Preliminary Program of DISC event on Networking

Thursday, October 17

17:30-17:40: Welcome Remarks

17:40-18:10: Resource Placement Under Stochastic Demands in Networked Topologies

Hanoch Levy, Tel Aviv University

We consider the problem of how to place and efficiently utilize resources in network environments. The setting consists of a regionally organized system which must satisfy regionally varying demands for various resources. The operator aims at placing resources in the regions as to minimize the cost of providing the demands. Examples of applications include peer supported video on demand services and cloud-based systems consisting of regional server-farms. The challenge posed by the system is the need to deal with an arbitrary multi-dimensional (high-dimensionality) stochastic demand. We show that, despite this complexity, one can optimize the system operation while accounting for the full demand distribution. We analyze this problem and provide a solution framework and algorithmic solutions for a wide variety of model variations.

      • Joint work with Yuval Rochman and Eli Brosh

18:10-18:40: Efficient multi-pattern matching on Compressed HTTP traffic.

Yaron Koral, Tel Aviv University and the Hebrew University

‘Signature-based’ detection is one of the fundamental technique to detect malicious activities in a network environment. Today, the performance of the security tools is dominated by the speed of the string-matching algorithms that detect these signatures.

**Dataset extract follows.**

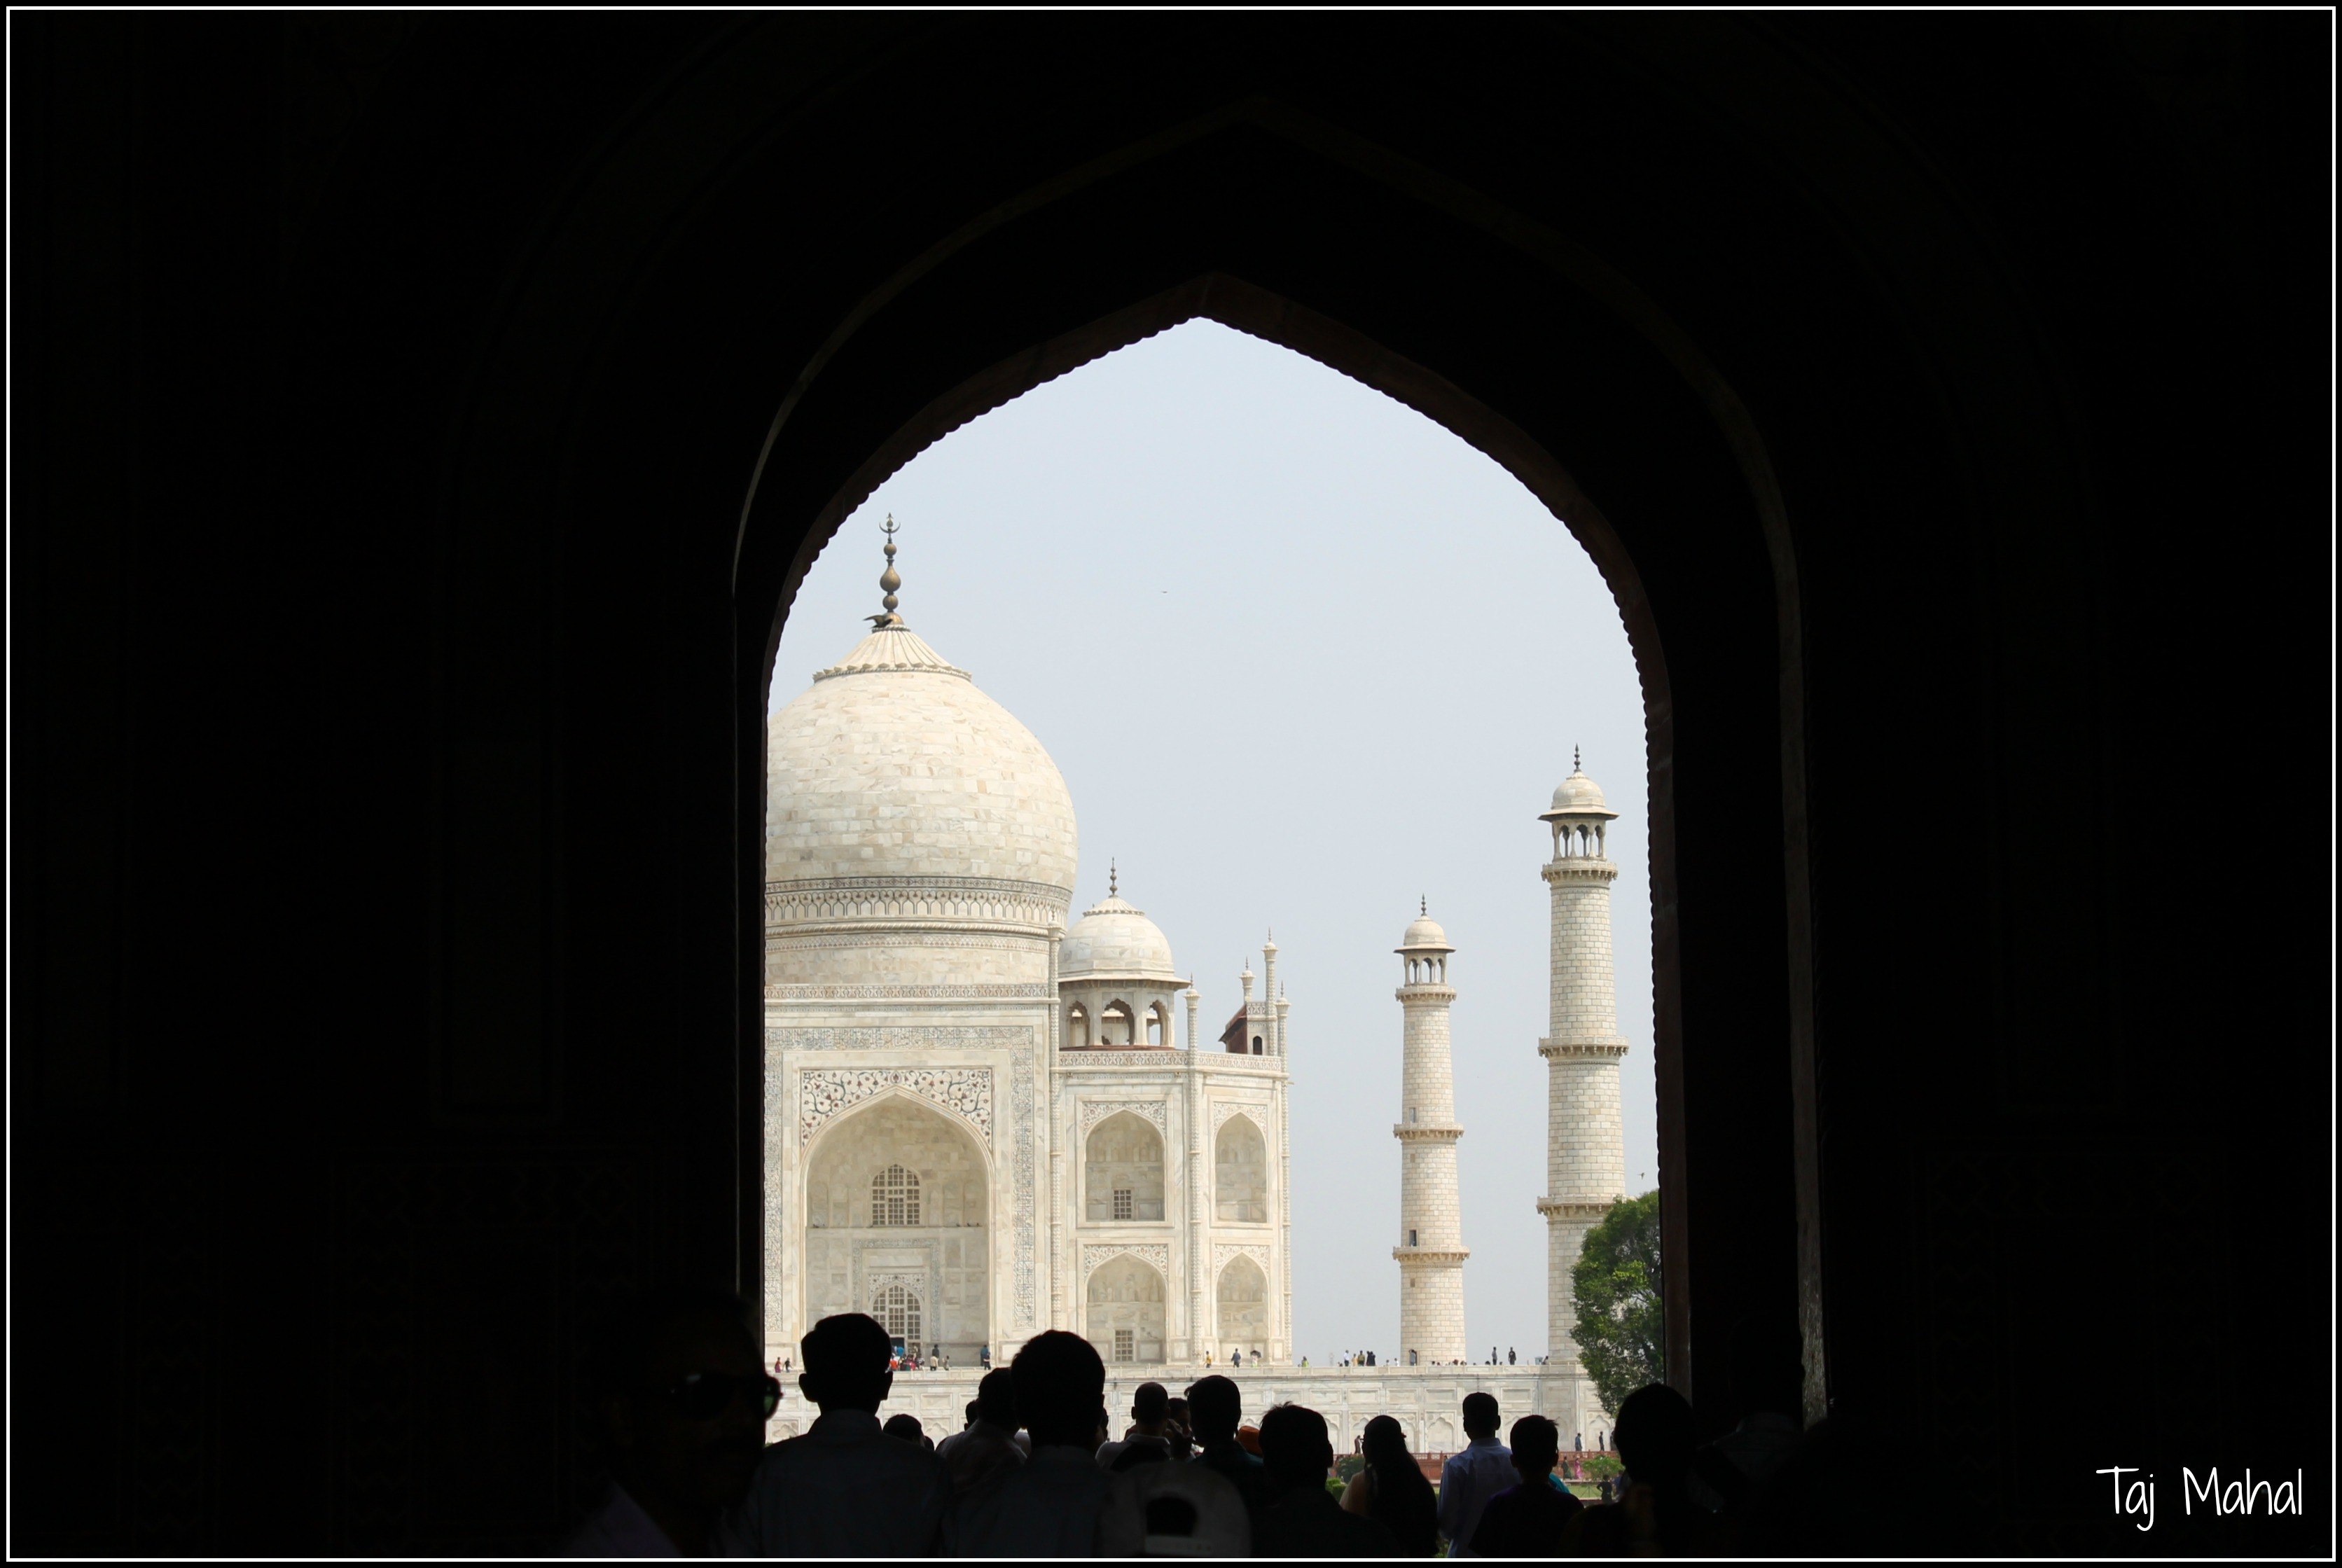 The Colors of India - Taj Mahal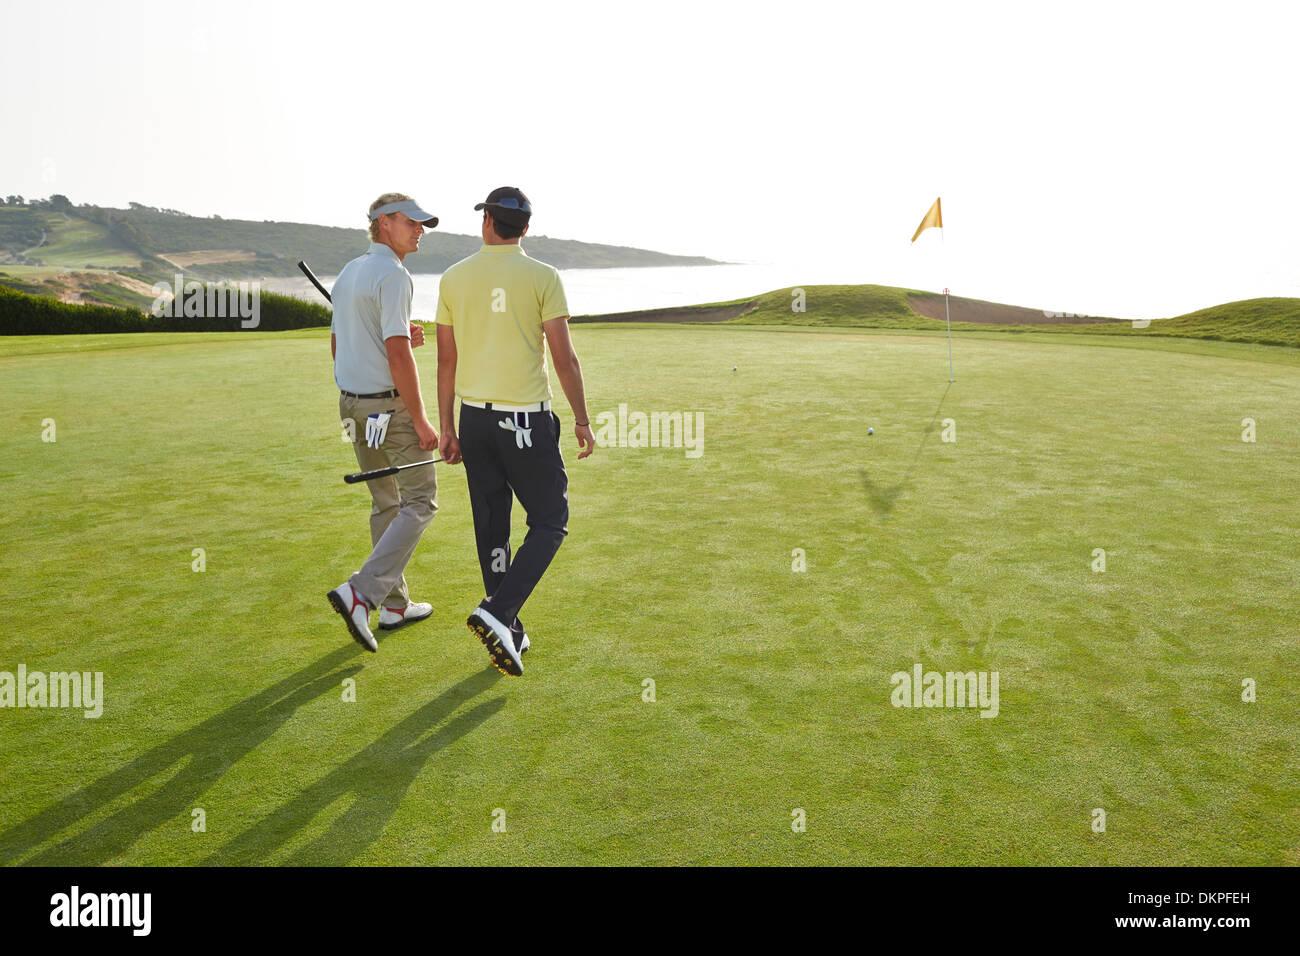 Men walking toward hole on golf course overlooking ocean Stock Photo

A significant part of the traffic over the Internet is compressed HTTP. However, current security tools do not deal with such a traffic and require some kind of decompression phase before performing the multi-patterns matching task. Thus, there is a high performance penalty in pattern matching on compressed data.

In this talk, we present efficient algorithms for ’on-the-fly’ multi-pattern matching algorithms for common HTTP compression algorithms, such as GZIP and SDCH (Google’s compression algorithm). Our results show that surprisingly it is usually faster to do pattern matching on the compressed data, with the penalty of decompression, than to do pattern matching on regular traffic.

The talk is based on three papers: one with A. Bremler-Barr (INFOCOM 2009, later in Transactions on Networking 2012), one with Y. Afek and A. Bremler-Barr (Networking 2011,  later in Computer Communication 2012) and one with S. Tzur-David, D. Hay and A. Bremler-Barr (INFOCOM 2012).

18:40-19:10: Some Open Questions on the Borderline of Networking and Distributed Computing.

Michael Schapira, the Hebrew University

We will illustrate via Internet routing several promising research directions at the interface of distributed computing and networking including mechanisms for establishing connectivity (and other desiderata) in the data plane, self-stabilizing Internet protocols, and incentive-compatible protocols.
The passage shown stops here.